Sehingga mereka akan membuat suguhan khusus yang ditujukkan kepada leluhur yang “menyinggahi” mereka di rumahnya masing-masing.
Upacara Galungan dimulai dari melakukan persembahyangan di rumah masing-masing hingga ke Pura yang ada di lingkungannya.
Bagi umat Hindu yang memiliki anggota keluarga yang masih berstatus Makingsan di Pertiwi (mapendem/dikubur), maka mereka wajib membawakan banten ke kuburan yang dikenal dengan Mamunjung ka Setra Kuburan.
Umanis Galungan jatuh pada hari Kamis Umanis wuku Dungulan.

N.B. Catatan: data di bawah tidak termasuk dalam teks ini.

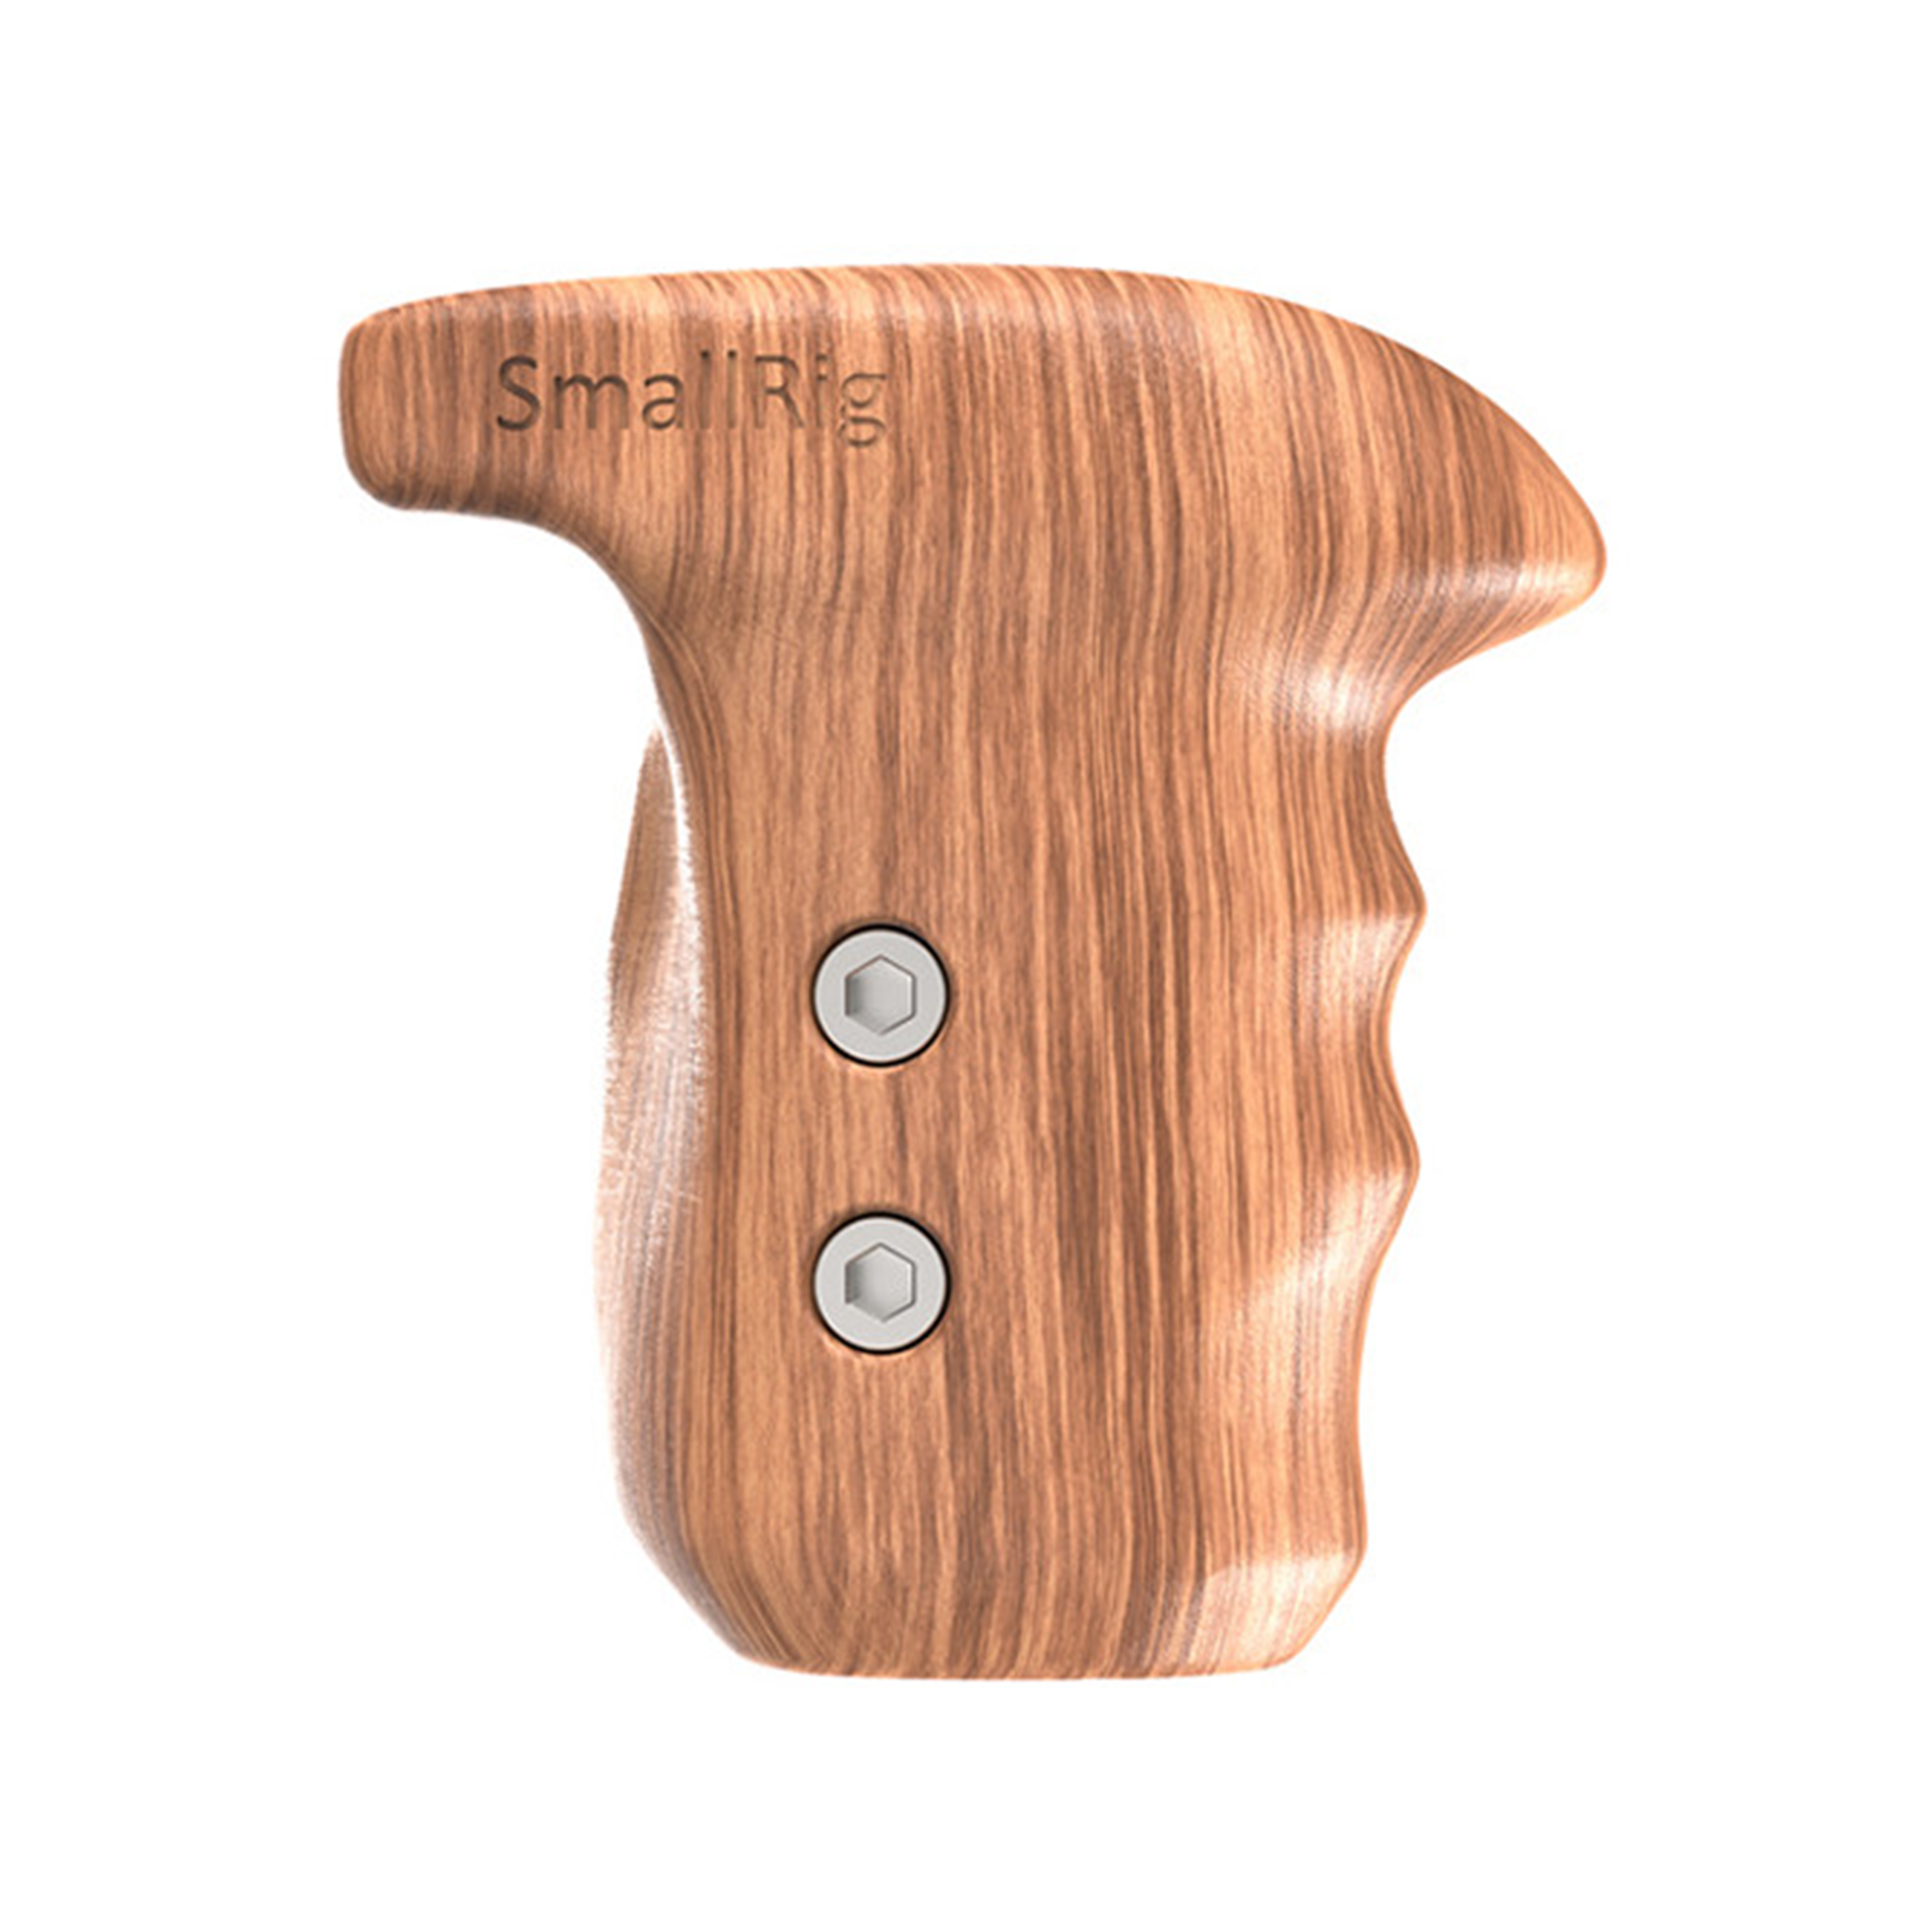 SmallRig Right-Side Wooden Handgrip with ARRI-Standard Rosette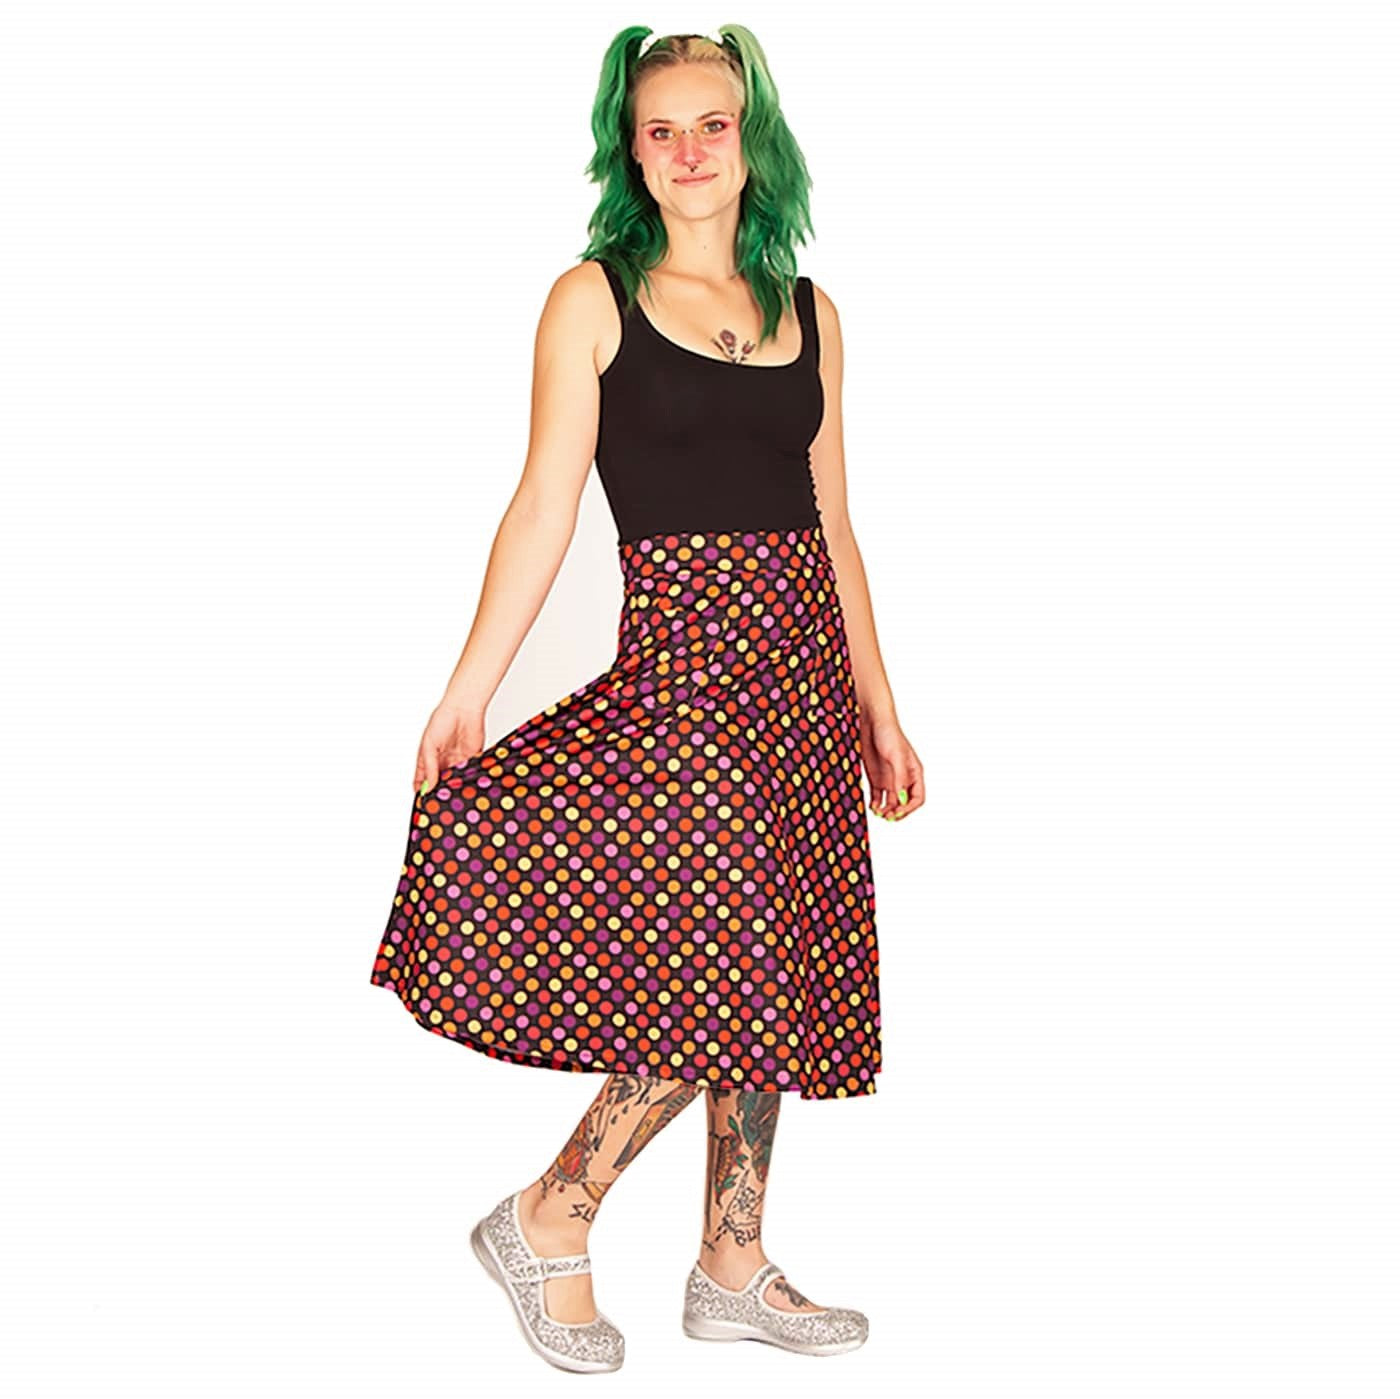 Pastel Confetti Original Skirt by RainbowsAndFairies.com (Polka Dots - Stripes - Spots - Skirt With Pockets - Aline Skirt - Vintage Inspired - Rock & Roll) - SKU: CL_OSKRT_CONFT_PAS - Pic 04

Pada umanis Galungan, umat Hindu akan melaksanakan persembahyangan, yang dilanjutkan dengan Dharma Santi dan saling mengunjungi sanak saudara.
Anak-anak juga akan melakukan tradisi Ngelawang dengan menarikan barong disertai gambelan dari pintu rumah penduduk satu ke yang lainnya.
Kemudian penduduk yang mempunyai rumah tersebut akan keluar sambil membawa canang dan sesari/uang.
Tarian barong ini dipercaya masyarakat setempat dapat mengusir aura negatif dan mendatangkan aura positif.
Pemaridan Guru jatuh pada hari Sabtu Pon wuku Galungan.
Pemaridan Guru berasal dari kata Marid atau Memarid yang artinya ngelungsur/nyurud (memohon) dan Guru adalah Ida Sang Hyang Widhi Wasa.
Ulihan jatuh pada hari Minggu Wage wuku Kuningan.
Kata Ulihan artinya pulang atau kembali yang bermakna hari kembalinya para dewata-dewati dan leluhur ke kahyangan dengan meninggalkan berkat dan anugerah panjang umur.
Hari Pemacekan Agung jatuh pada hari Senin Kliwon wuku Kuningan.
Pemacekan berasal dari kata pacek yang artinya tekek atau tegar, dalam bahasa Bali.
Makna Pemacekan Agung adalah sebagai simbol keteguhan iman umat manusia atas segala godaan selama perayaan hari Galungan.